Bird flu researchers suspend study of deadlier mutations
(Reuters) – Researchers studying a potentially deadlier, airborne version of the bird flu virus have voluntarily suspended their studies for 60 days because of concerns it could be used as a devastating form of bioterrorism, according to a letter published in the journals Nature and Science on Friday.
Ron Fouchier of Erasmus Medical College in the Netherlands, Adolfo Garcia-Sastre of Mount Sinai School of Medicine in New York and Yoshihiro Kawaoka of the University of Wisconsin, Madison, defend the research as crucial to public health efforts to detect when the H5N1 influenza virus might change in the wild in a way that could spark a pandemic.
But they are bowing to widespread fear that the mutant viruses “may escape from the laboratories” and be used to create a bioterror weapon, they wrote.

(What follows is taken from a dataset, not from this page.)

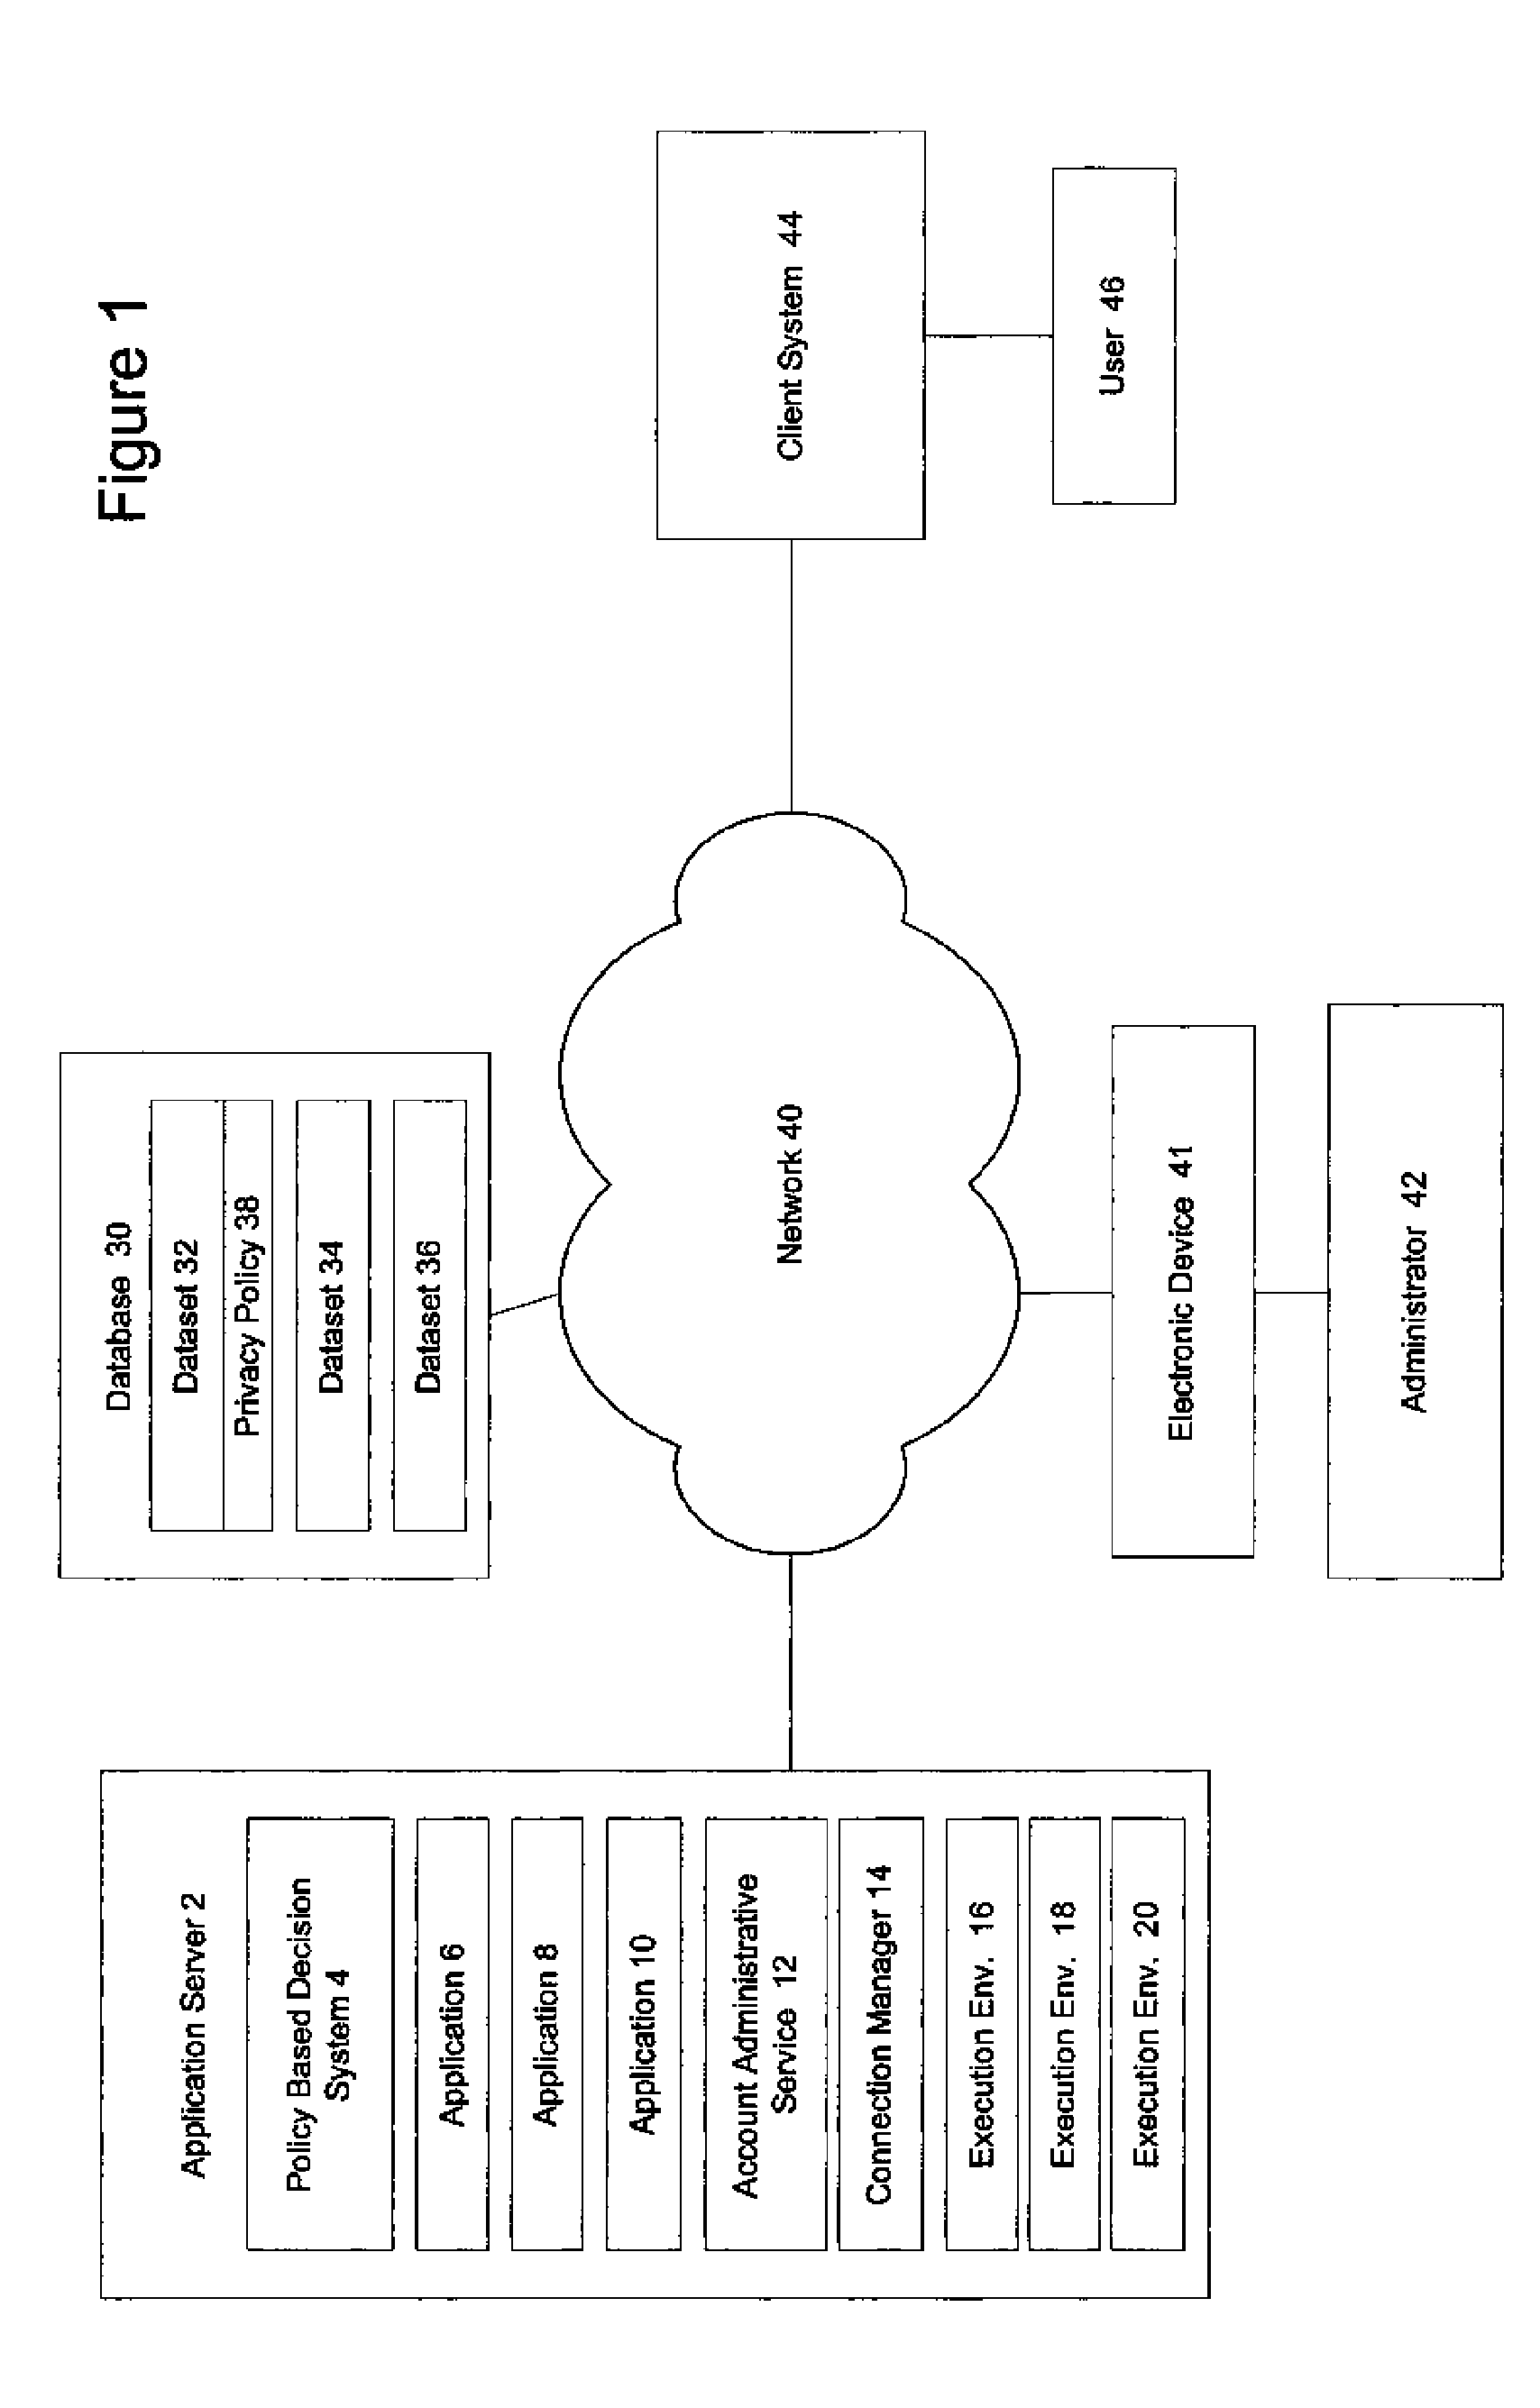 System and method for executing interactive applications with minimal privileges

A U.S. advisory committee in December had asked Science and Nature to censor details of the research from two teams that was submitted for publication. Biosecurity experts fear an airborne version transmissible between humans could spark a pandemic worse than the 1918-19 outbreak of Spanish flu that killed between 20 million and 40 million people.

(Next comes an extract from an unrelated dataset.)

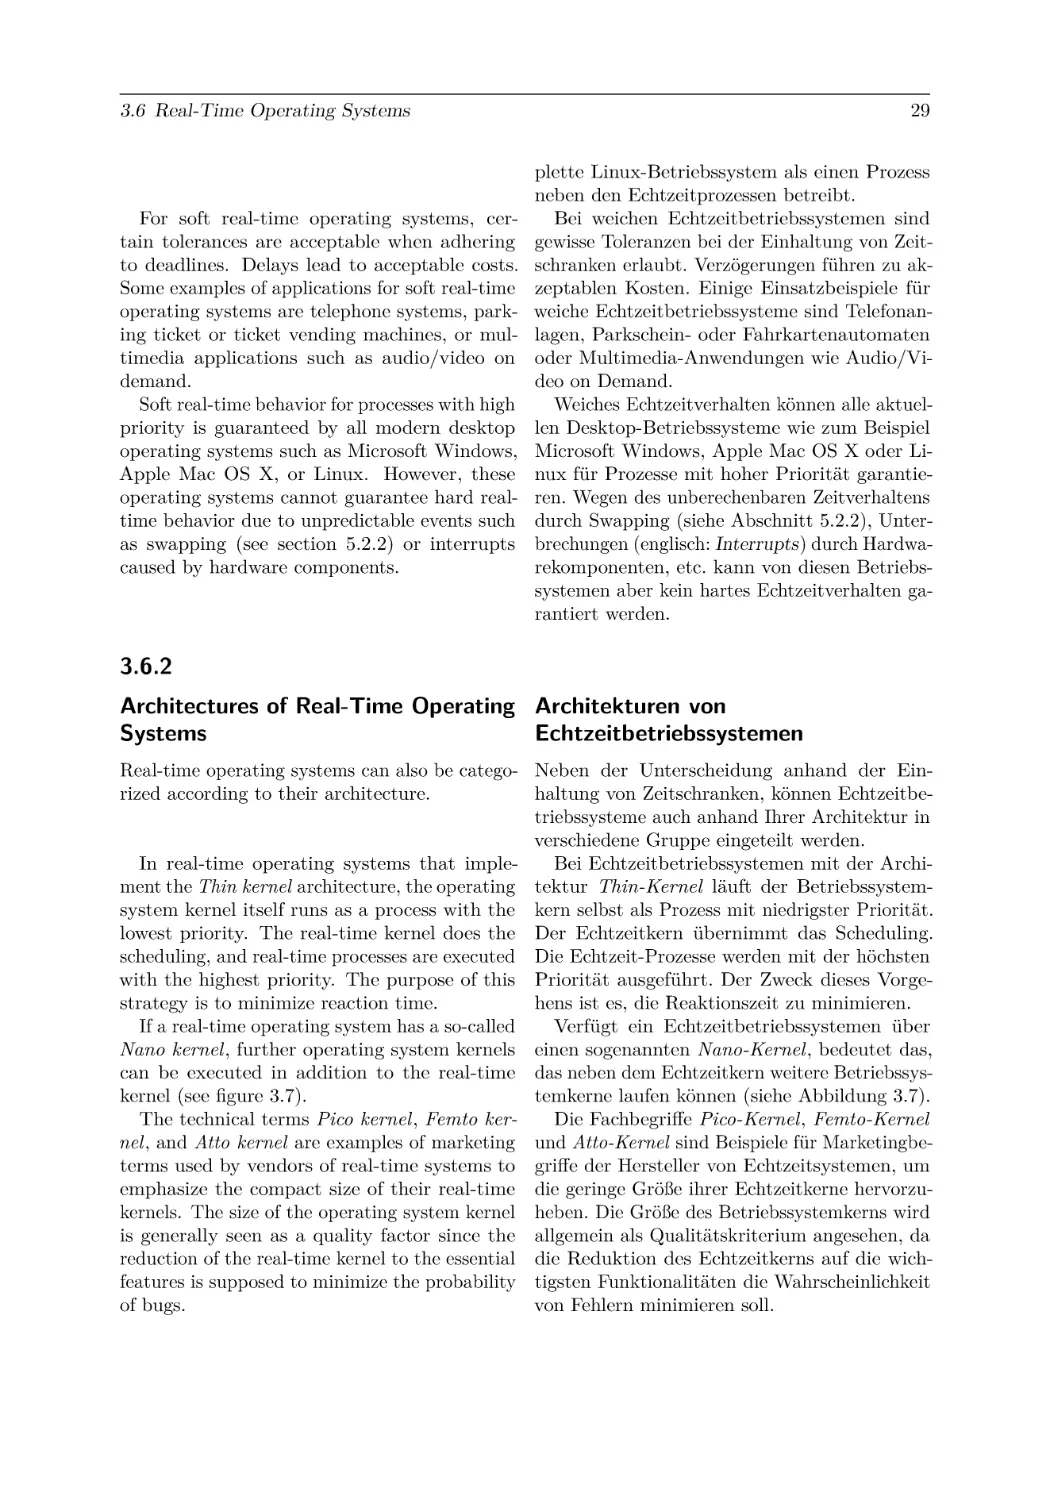 3.6.2
Architectures of Real-Time Operating Systems

The studies from Erasmus and the University of Wisconsin have shown that the mutant H5N1 can be transmitted through the air between ferrets, which are considered good models of how influenza viruses behave in people.

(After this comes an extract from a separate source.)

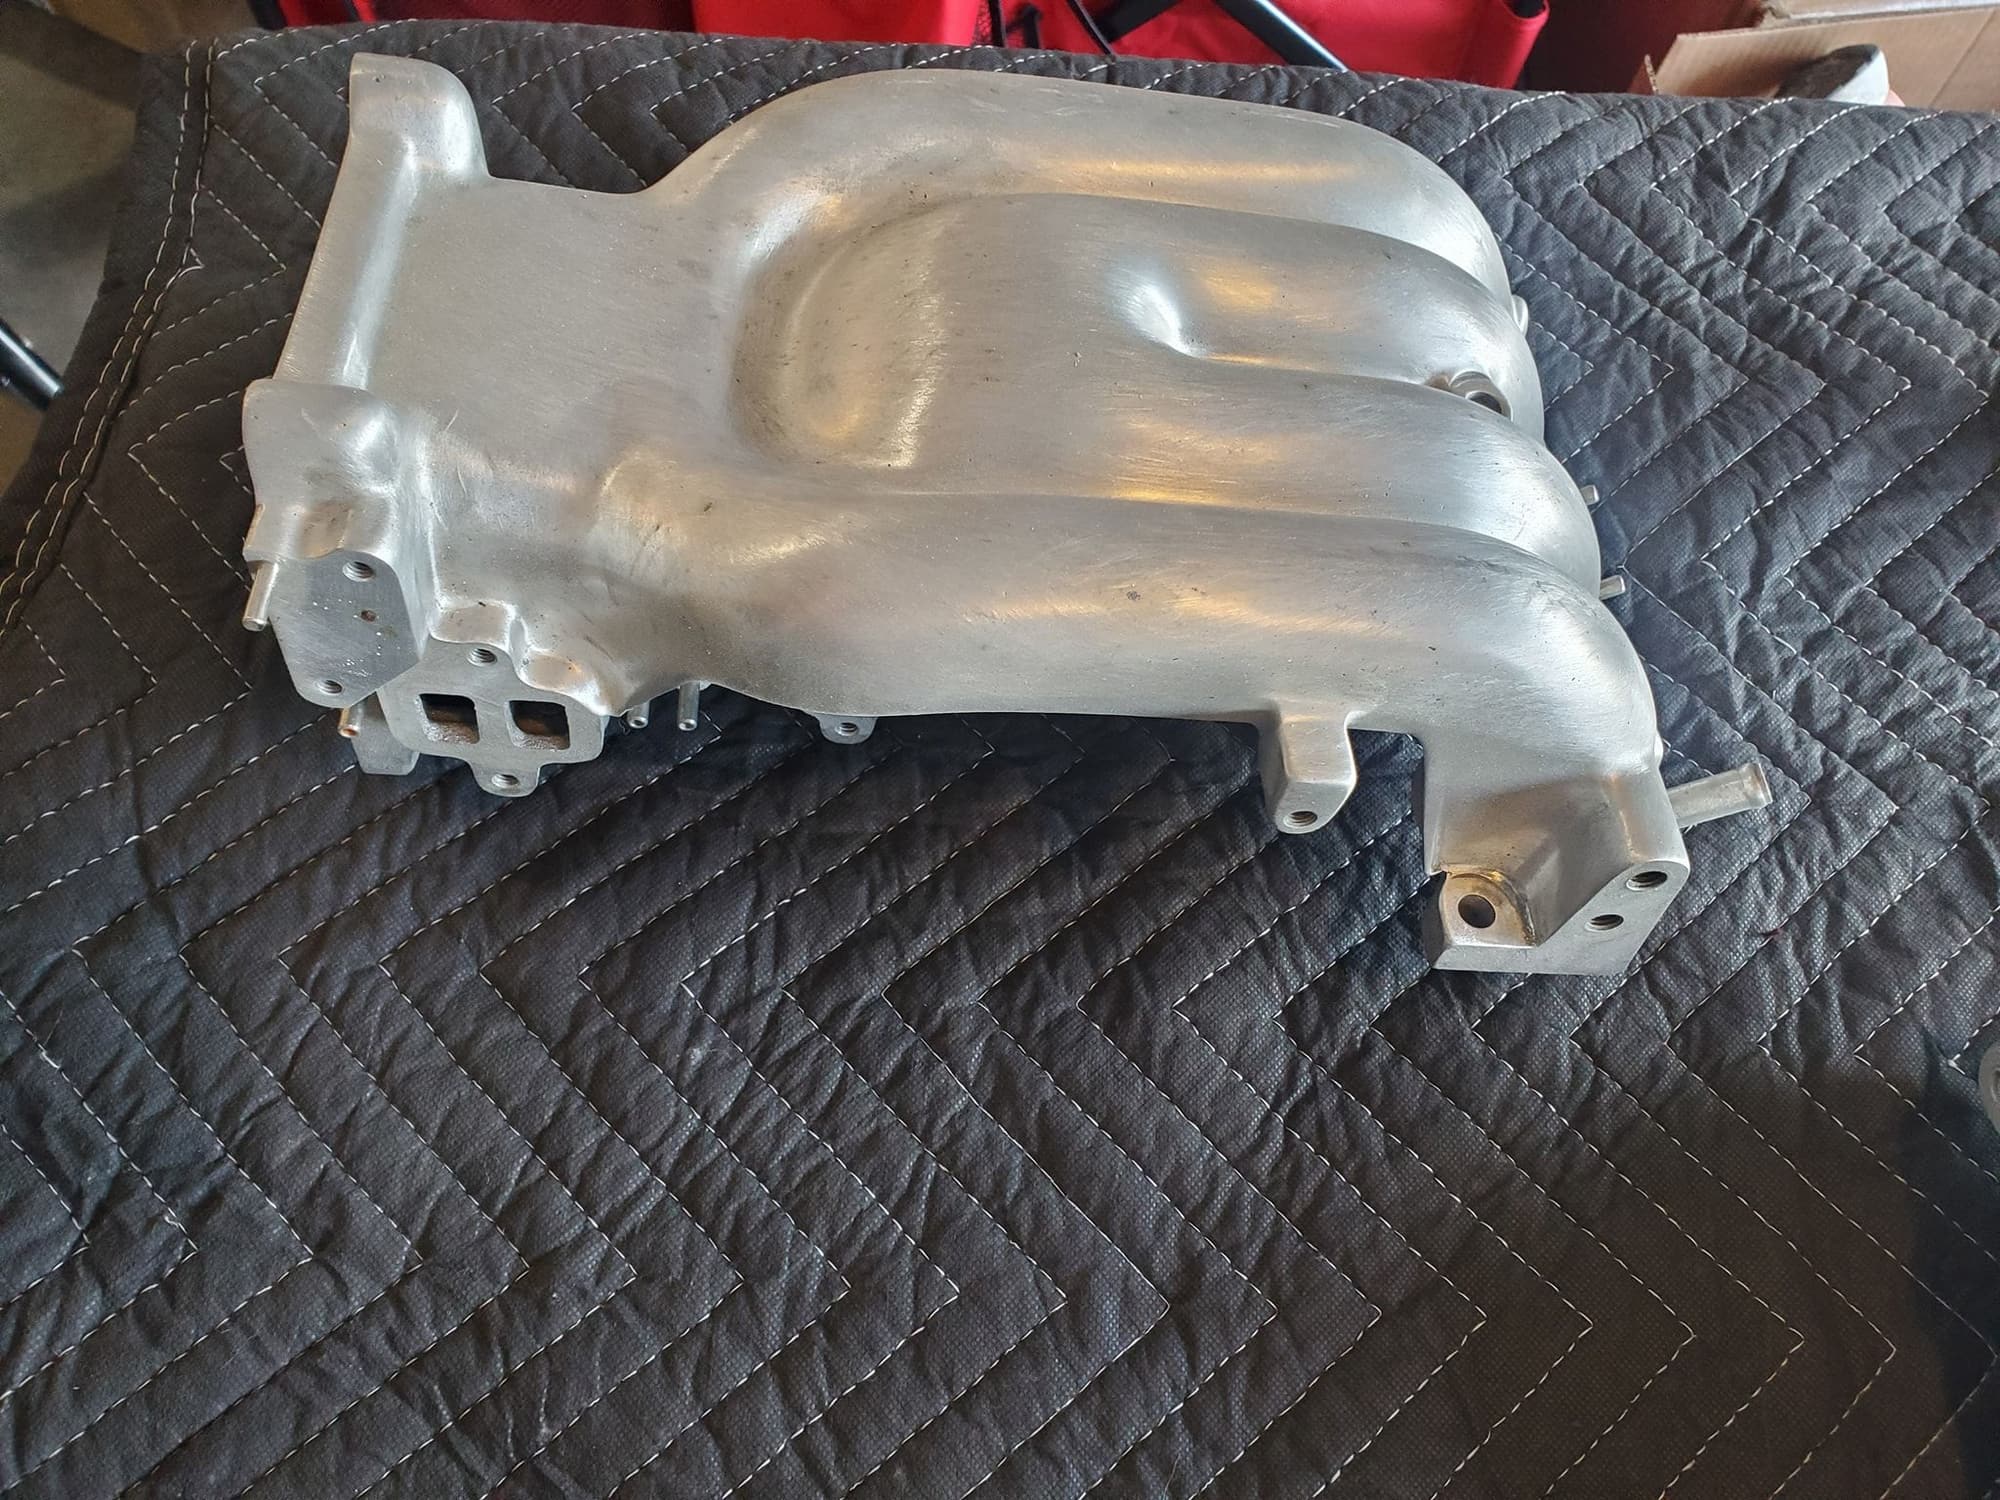 Accessories - Multiple hard to get stuff for sale. either new or used - New - 1993 to 1995 Mazda RX-7 - Desert Hot Springs, CA 92240, United States

They have not taken the next step to see whether the altered virus can be transmitted the same way between people by coughing or sneezing, because such an experiment would be unethical.
To give the scientific community and governments time to determine whether the research can be conducted safely, the scientists write, “we have agreed on a voluntary pause of 60 days on any research involving highly pathogenic avian influenza H5N1 viruses” that can produce easily transmissible forms of the virus.
The researchers wrote that no experiments with live, mutant viruses “already shown to be transmissible in ferrets will be conducted during this time.”